深度学习：大模型Decoding+MindSpore NLP分布式推理详解

大模型推理流程

1. 用户输入提示词（Prompt）

假设用户输入为：“从前，有一只小猫，它喜欢……”

我们的目标是让模型生成一段完整的故事。

2. 模型处理用户输入

2.1 分词：输入提示被分词为模型可以理解的子词（subword）或单词（token）。

例如：

"从前，有一只小猫，它喜欢……" 可能被分词为：

["从前", "，", "有", "一只", "小猫", "，", "它", "喜欢", "……"]

这些 token 会被映射为模型词汇表中的索引（ID）。也就是Tokenizer分词器返回的input_ids。

2.2 将IDs转为embeddings

每个 token 被转换为一个高维向量（embedding），这些向量包含了语义信息。模型通过嵌入层将 token 索引映射为向量。

用户输入的input_ids形状为：(1, 9)，表示batch中有一个样本，样本序列长度为9。

嵌入层（Embedding Layer）将每个 token 索引映射为一个高维向量。这个向量的维度是 hidden_size，即模型的隐藏层维度。hidden_size为模型的超参数，由设计者决定。

经过嵌入层后，输入的形状会从 (batch_size, seq_length) 变为 (batch_size, seq_length, hidden_size)。例如，(1, 9) 会变为 (1, 9, hidden_size)。

2.3 对张量加入位置编码

为了保留输入序列的顺序信息，模型会为每个 token 添加位置编码。这些编码与 token 嵌入相加，形成最终的输入表示。

位置编码（Positional Encoding） 的张量维度大小与 输入嵌入（Input Embedding） 的维度大小完全相同，并且它们会直接在最后一个维度上相加。

输入嵌入的形状：
输入嵌入的输出形状是 (batch_size, seq_length, hidden_size)，其中 hidden_size 是每个 token 的嵌入维度。
位置编码的形状：
位置编码的形状也是 (batch_size, seq_length, hidden_size)，与输入嵌入的形状完全一致。
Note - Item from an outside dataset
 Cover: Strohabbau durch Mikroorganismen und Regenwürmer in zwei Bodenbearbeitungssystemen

位置编码可以保留语句的顺序信息，直接将位置信息注入语句中。

3. 前向传播

将处理过的用户输入张量输入模型进行前向计算。

4. 生成输出

在自回归生成任务中，模型会逐步生成 token，每次生成一个 token。因此，输出结果的形状会随着生成过程而变化。

输入形状：(1, 9)。
模型输出的概率分布形状：(1, 9, vocab_size)。
生成下一个 token 的形状：(1, 1)。

4.1 输出概率分布

最后一层 Transformer 的输出会通过一个线性层和 softmax 函数，生成每个可能 token 的概率分布。例如，模型可能会预测下一个 token 是“玩耍”的概率为 0.4，“睡觉”的概率为 0.3，等等。
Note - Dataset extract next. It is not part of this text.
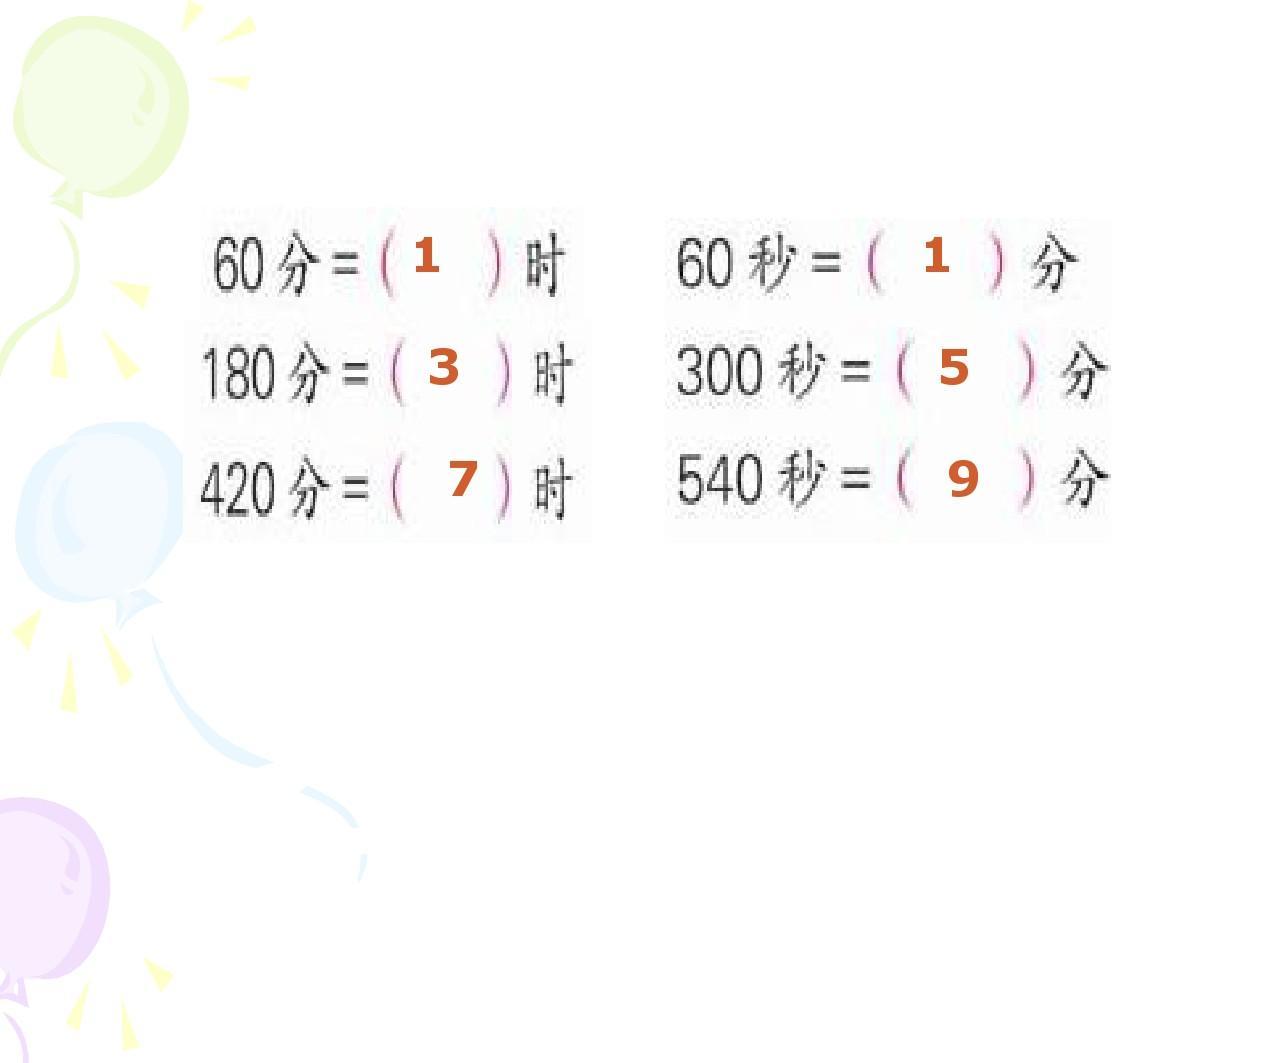 2014苏教版四除数上册课时第一课件数学是整十数的v除数和入门ppt笔算版新概念青少b年级图片

4.2 解码策略（Decoding Strategy）

模型根据概率分布选择下一个 token。常见的解码策略包括：

贪婪搜索（Greedy Search）：
选择概率最高的 token。例如，选择“玩耍”作为下一个 token。
束搜索（Beam Search）：
保留多个候选序列，选择整体概率最高的序列。
采样（Sampling）：
根据概率分布随机采样下一个 token。

输出的概率分布 和 随机采样的概率分布 之间有直接的联系！随机采样是基于模型输出的概率分布进行的，因此两者密切相关。

随机采样的基础：
随机采样直接依赖于模型输出的概率分布。概率分布决定了每个 token 被采样的可能性。
概率分布的作用：
概率分布反映了模型对每个 token 的“信心”或“偏好”。高概率的 token 更有可能被采样，而低概率的 token 也有可能被采样到（尤其是在多样性较高的场景中）。
采样结果的不确定性：
由于采样是随机的，即使概率分布相同，每次采样的结果也可能不同。这与贪婪搜索（总是选择最高概率的 token）形成对比。

Top-K和Top-P策略可以与温度Temperature结合使用。

5. 迭代生成

5.1 递归生成

模型将生成的 token 重新作为输入，继续生成下一个 token。例如：

输入提示：“从前，有一只小猫，它喜欢……”
模型生成：“玩耍”
新输入：“从前，有一只小猫，它喜欢玩耍”
模型继续生成：“，每天……”

生成过程会持续，直到达到最大生成长度或生成特殊的终止 token（如 <EOS>）。

6. 最终输出

最终，模型生成的完整故事可能是：
“从前，有一只小猫，它喜欢玩耍，每天都会在花园里追逐蝴蝶。有一天，它遇到了一只小鸟……”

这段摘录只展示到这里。